Algoritmos geradores de números pseudoaleatórios

Embora seja bastante simples lançar moedas e girar roletas, tais processos são inadequados no âmbito computacional, que requer velocidade e reprodutibilidade. Assim, os processos mecânicos (roletas, dados, moedas) devem ser substituídos por algoritmos.

São diversos os tipos de algoritmos empregados na geração de números pseudoaleatórios (ver [3]). Aqui vamos tratar apenas do mais usual, o gerador de congruência linear, proposto por Lehmer em 1948 (ver [2]), e que foi um dos primeiros a ter uso efetivo na simulação de variáveis pseudoaleatórias. As propriedades desse gerador foram (e continuam sendo) as mais estudadas, tanto teórica quanto empiricamente. A maior parte da teoria sobre geradores de números pseudoaleatórios toma por base esse tipo de gerador.
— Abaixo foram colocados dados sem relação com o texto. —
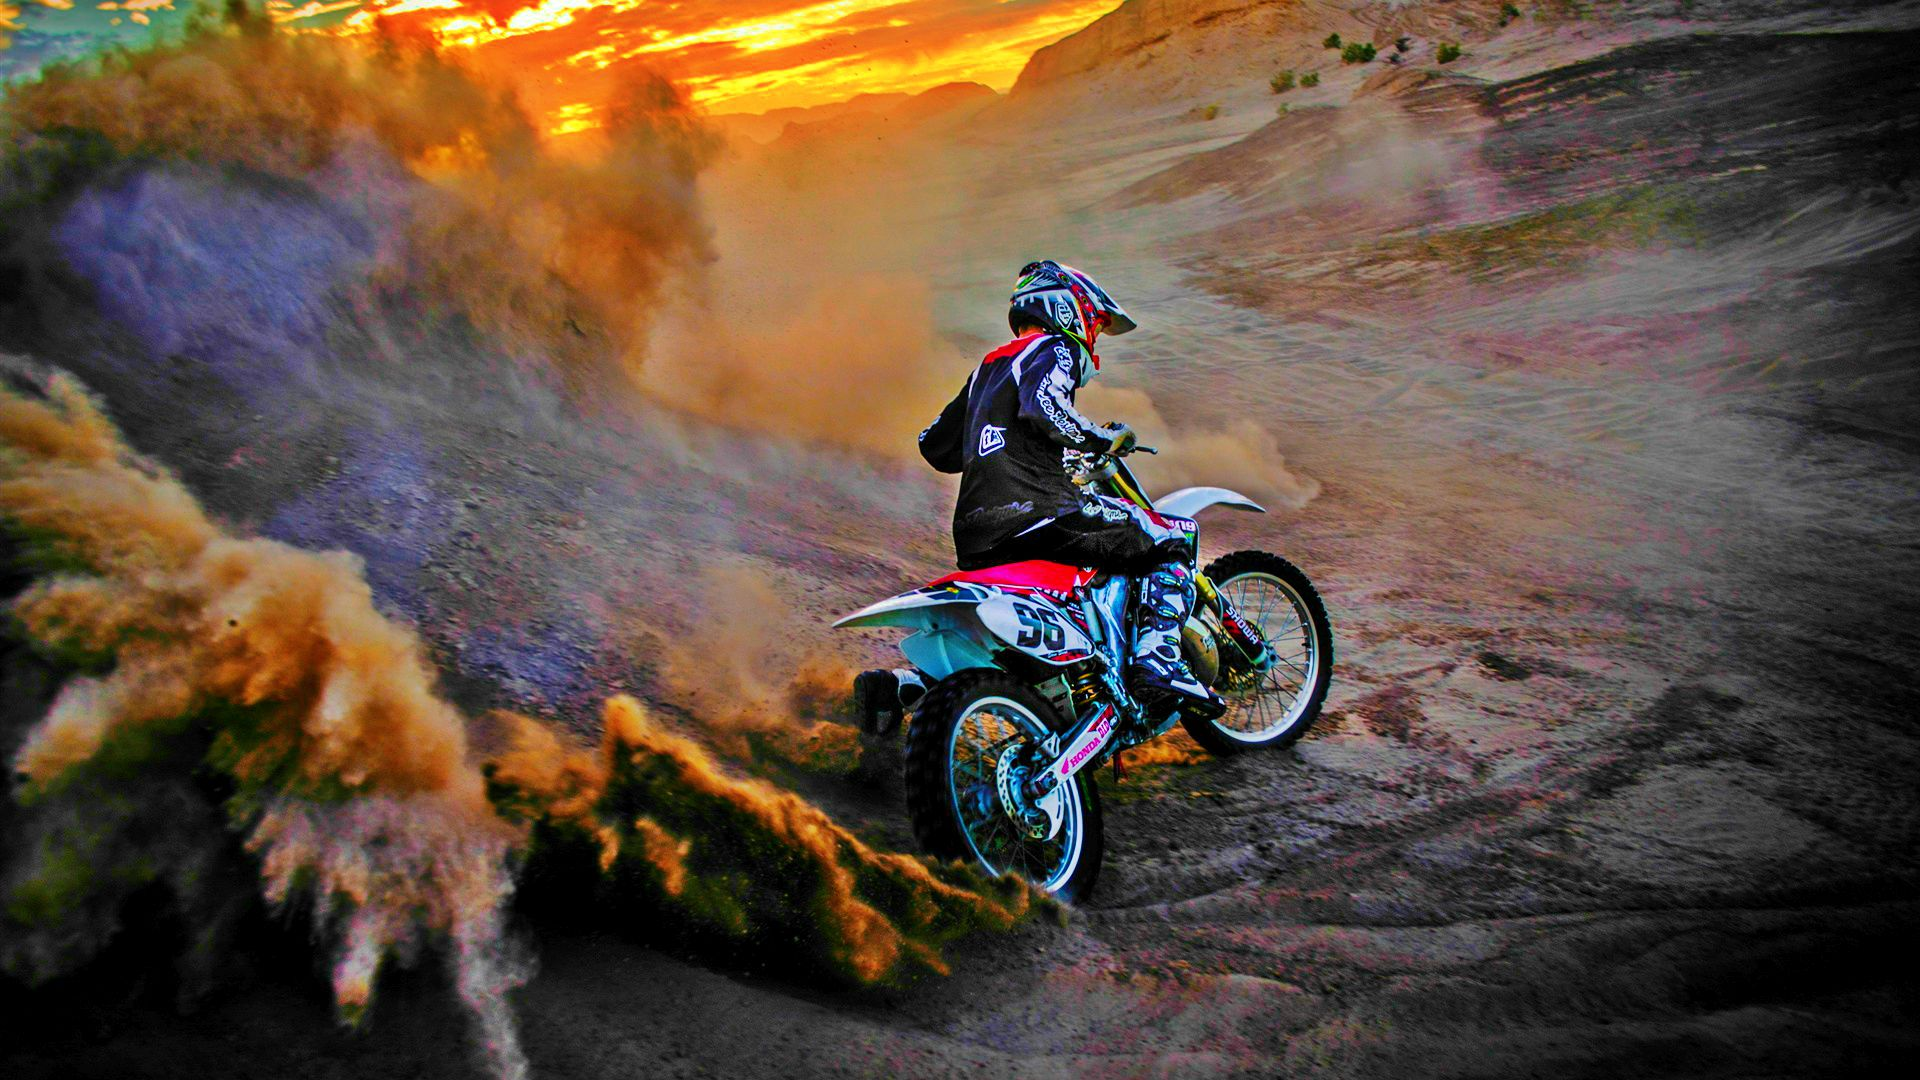 BuzzTrakr Freestyle Motocross Extreme 1920x1080

A ideia é formar uma sequência (xi ), obtida por recorrência, de modo que cada xi (i > 1) é o resto da divisão de axi–1 + c por m, onde as “sementes” a, c, m e x1 são escolhidas previamente.

Se c = 0, o gerador é dito multiplicativo. Se c ≠ 0, o gerador é dito aditivo.

 

Exemplo

Se forem utilizados os valores a = 12, c = 0, m = 31 e x1= 9 (ver [2]), obtém-se a sequência (verifique):

(xi ) = (9, 15, 25, 21, 4, 17, 18, 30, 19, 11, 8, 3, 5, 29, 7, 22, 16, 6, 10, 27, 14, 13, 1, 12, 20, 23, 28, 26, 2, 24, ...).        (3)

 

Após o termo x30 = 24, a sequência se repete, pois x31 = 9, que é o resto da divisão de 12 × 24 por 31. Observe que todos os valores inteiros de 1 a 30 estão presentes na sequência, porém de uma forma “embaralhada”, aparentemente aleatória.
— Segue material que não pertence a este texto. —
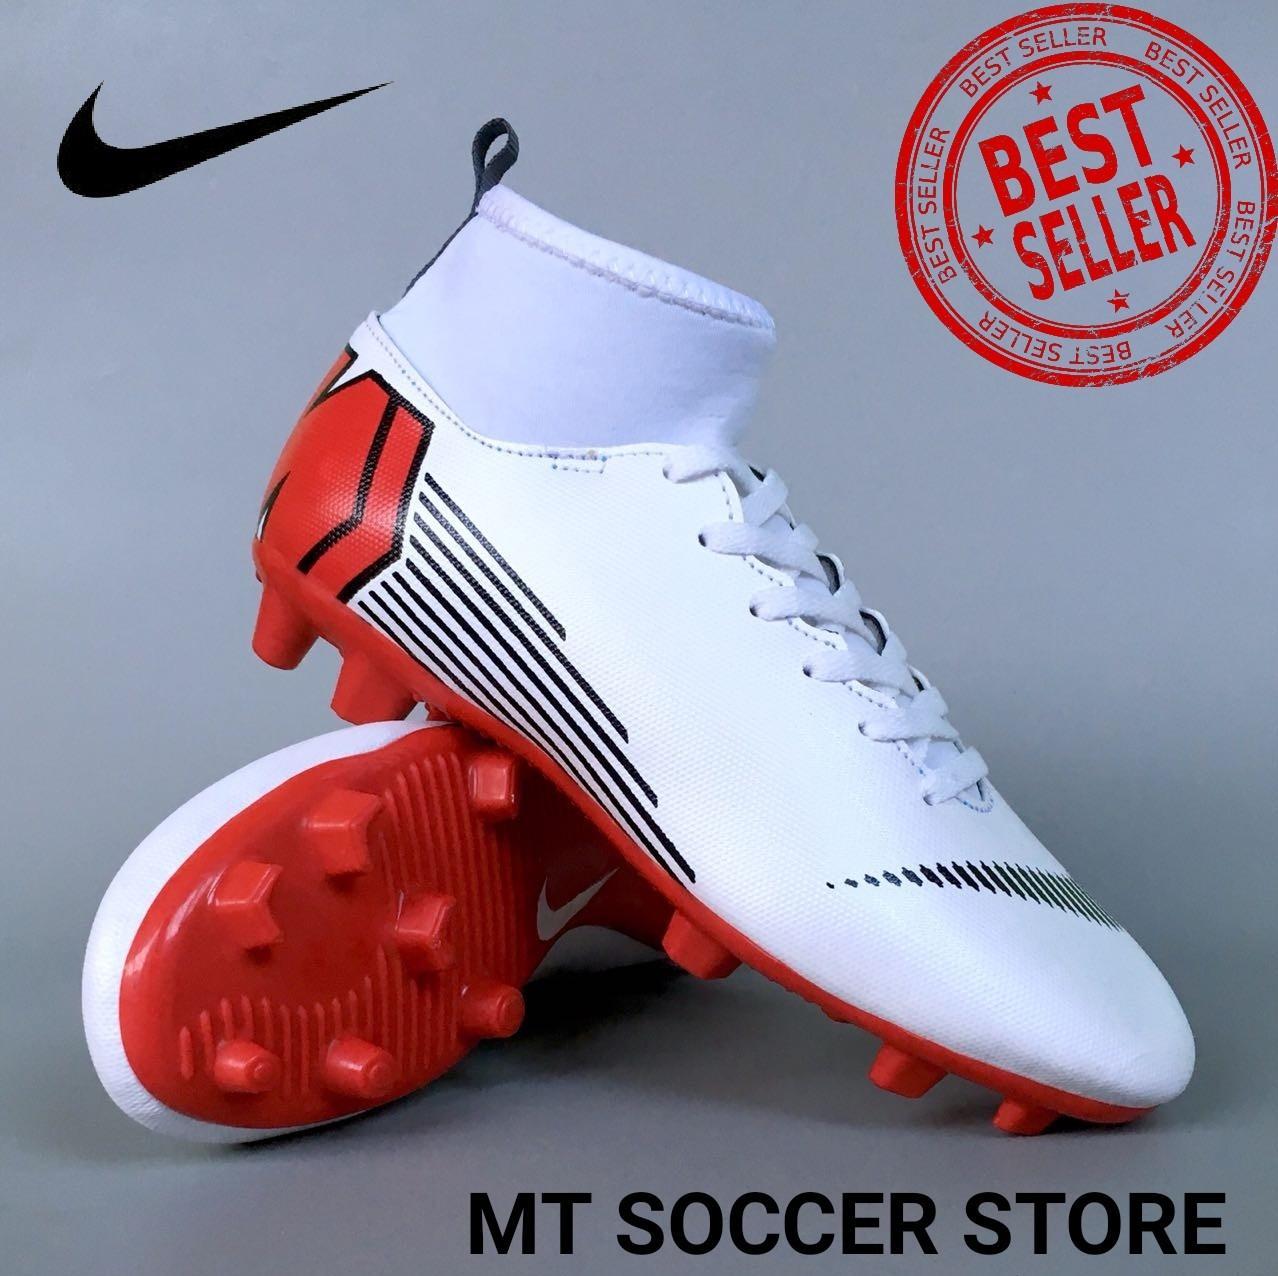 Catenzo Football Shoes Sepatu Sepakbola Pria Black - Daftar Update Harga  Terbaru Indonesia. Source · ba9a67f596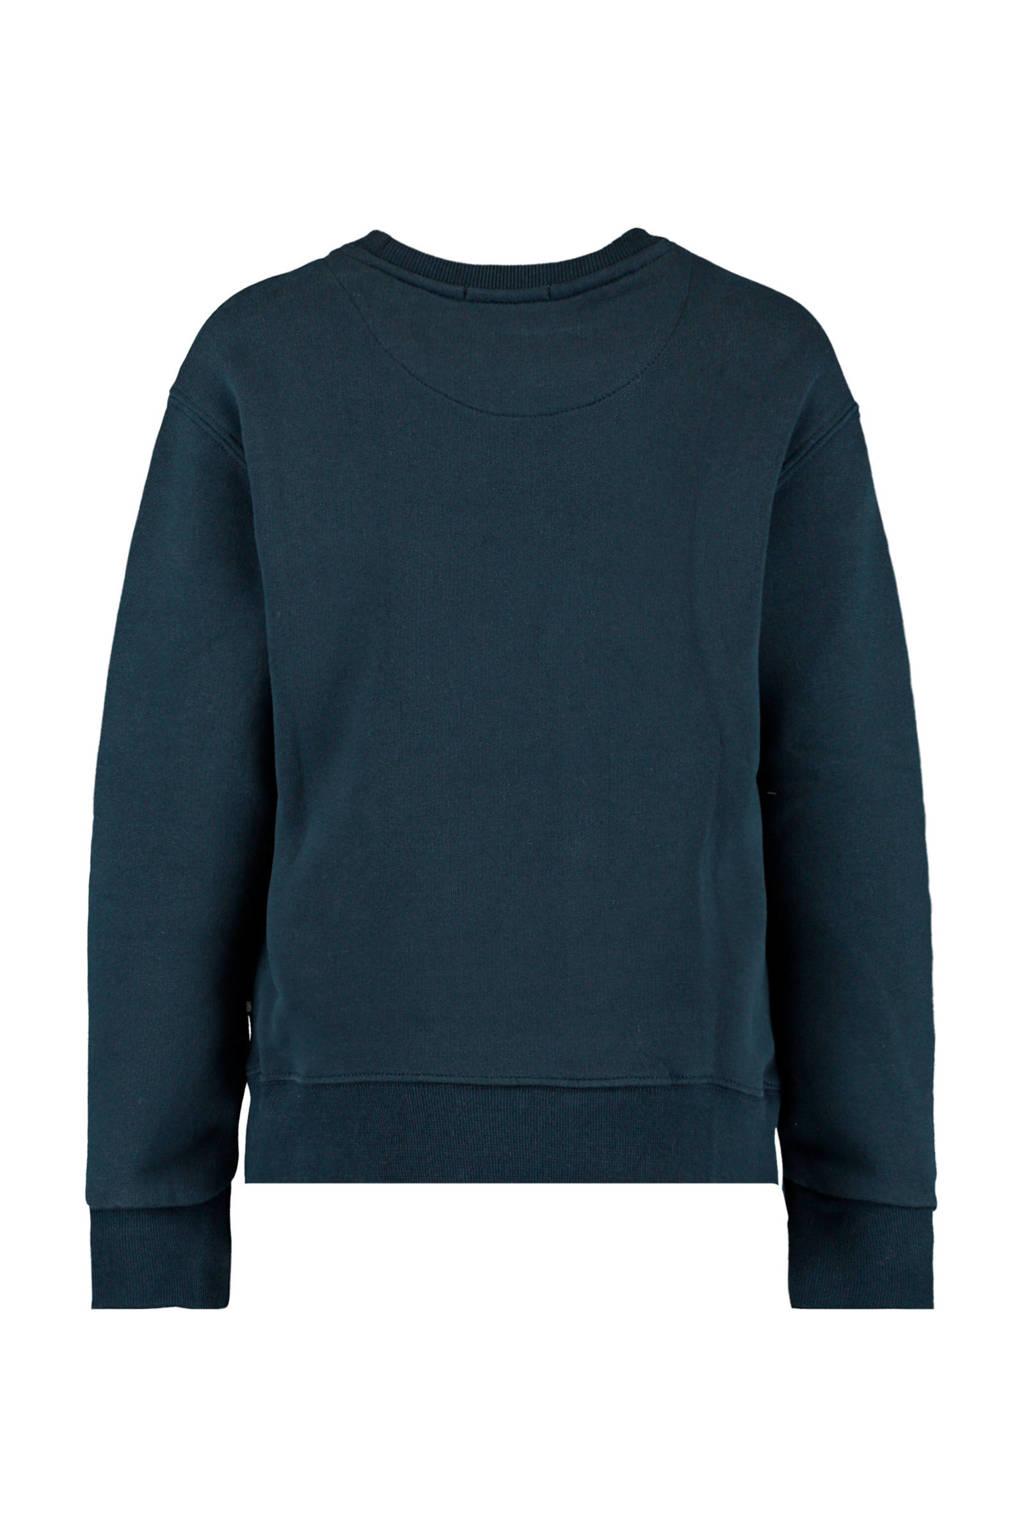 America Today Junior sweater Summer met tekst donkerblauw, Donkerblauw

A escolha adequada de a, c e m defi ne características teóricas e empíricas do gerador. O período máximo do gerador é m se c ≠ 0; é m – 1 se c = 0.

 

Conclusão

As versões mais modernas do MATLAB e MAPLE utilizam variações mais complexas do gerador de congruência linear. Recentemente, estudos apontam a viabilidade de construção de dispositivos eletrônicos computacionais para geração de números “verdadeiramente aleatórios” tomando por base algumas características da física quântica.
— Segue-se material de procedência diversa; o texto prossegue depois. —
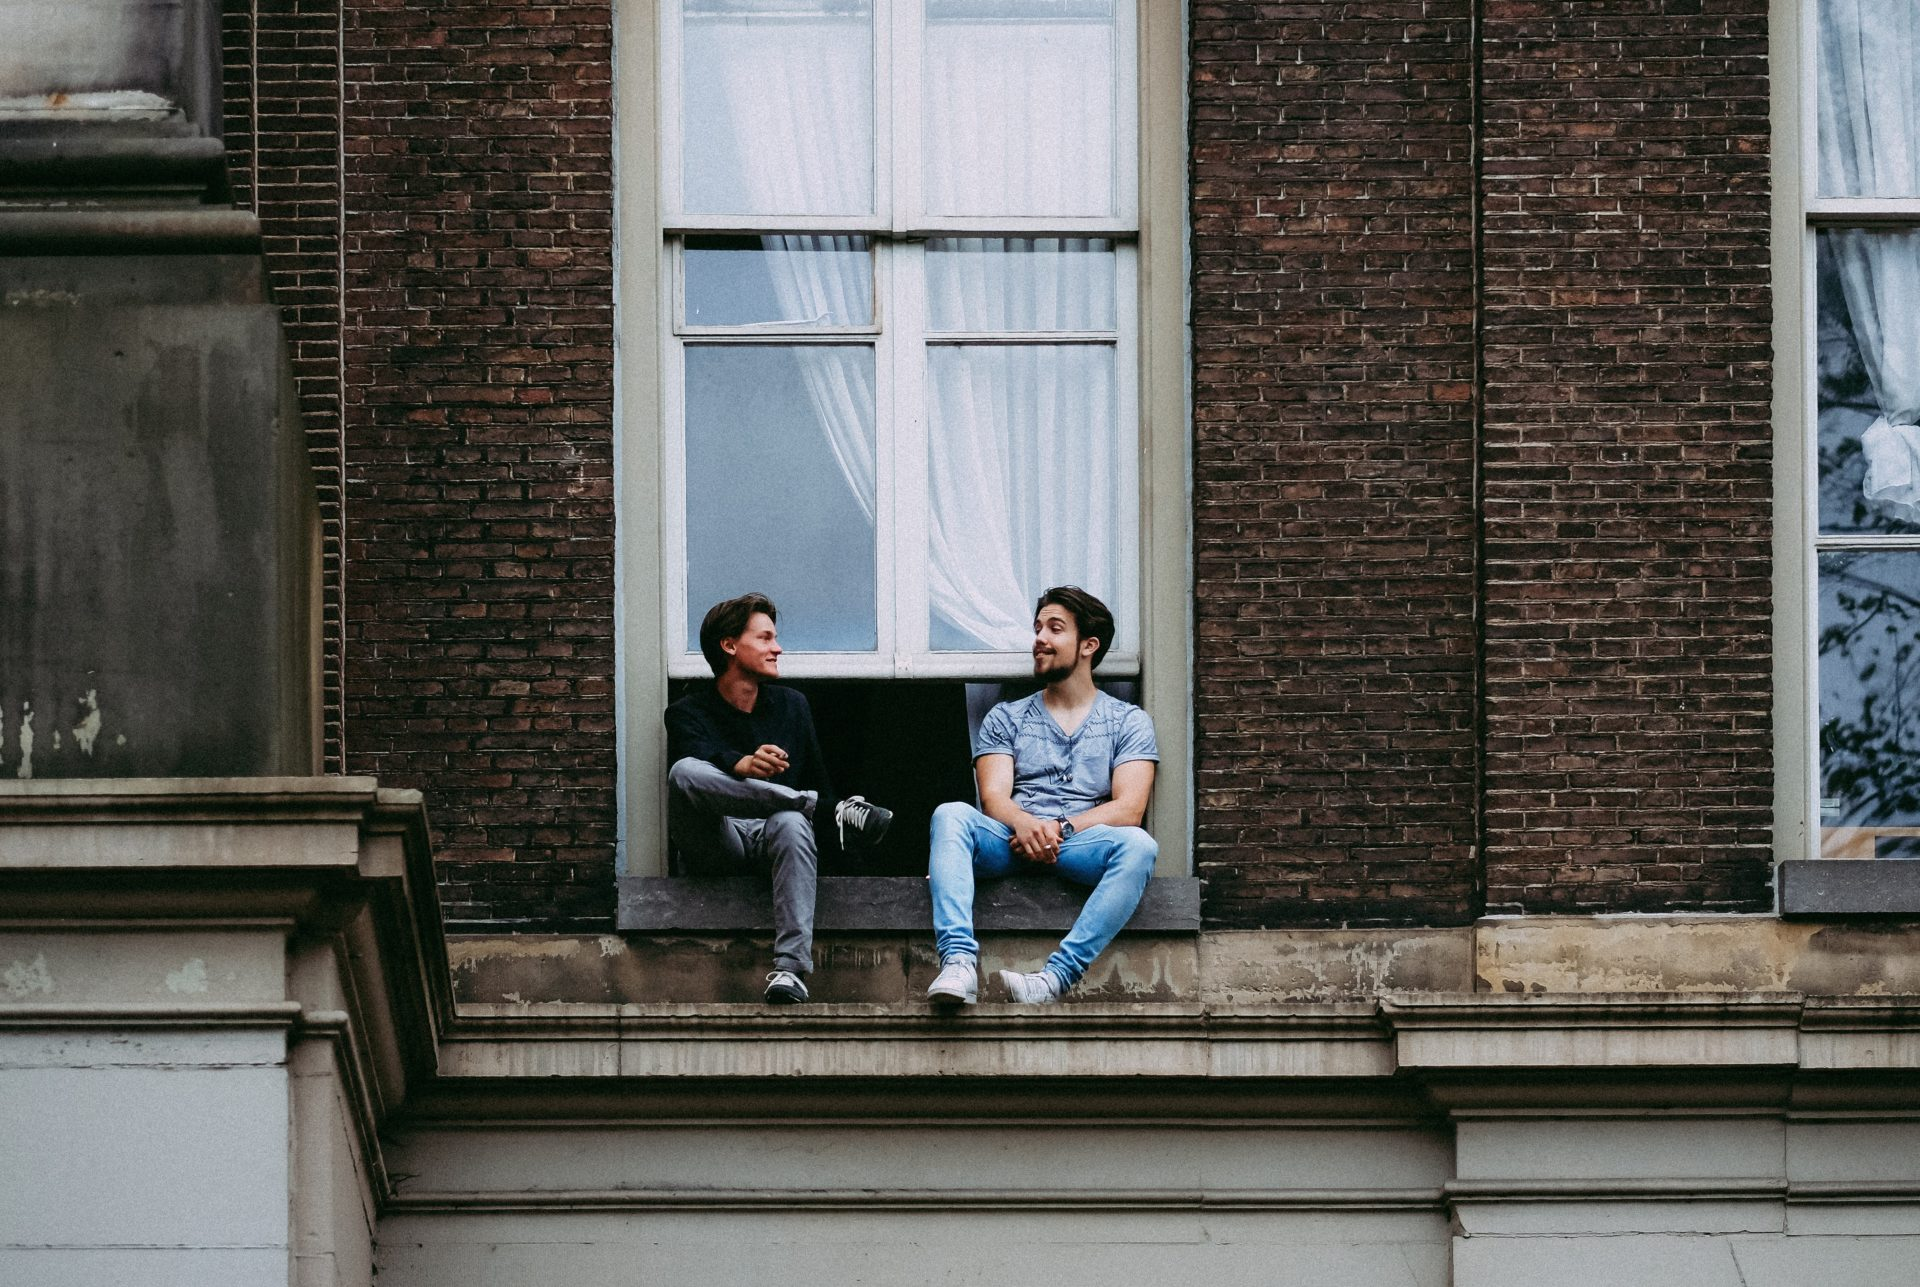 bohem housing co-living

Parece-me intrigante que a “ingênua” cantiga infantil e os “engenhosos” algoritmos computacionais compartilhem o mesmo conceito matemático fundamental: o de resto da divisão de números inteiros. O que o leitor acha?

A propósito (já ia me esquecendo...): a sequência (2) foi obtida lançando dados; a sequência (1) foi obtida a partir da sequência (3) fazendo si = 1 + (resto da divisão de xi por 6). Qual é o próximo valor?

 

 

 

Referências bibliográficas

[1] COUTINHO, S. C. Números inteiros e criptografia RSA. Computação e Matemática. 2 edição.       Rio de Janeiro: IMPA – SBM, 2000.
[2] GENTLE, J. E. Random Number Generation and Monte Carlo Methods.Statistics and Computing.       New York : Springer-Verlag,1998.
[3] KNUTH, D. E. Seminumerical Algorithms, volume 2 of The Art of Computer Programming. 3       edition. MA, USA: Addison-Wesley, Reading, 1998.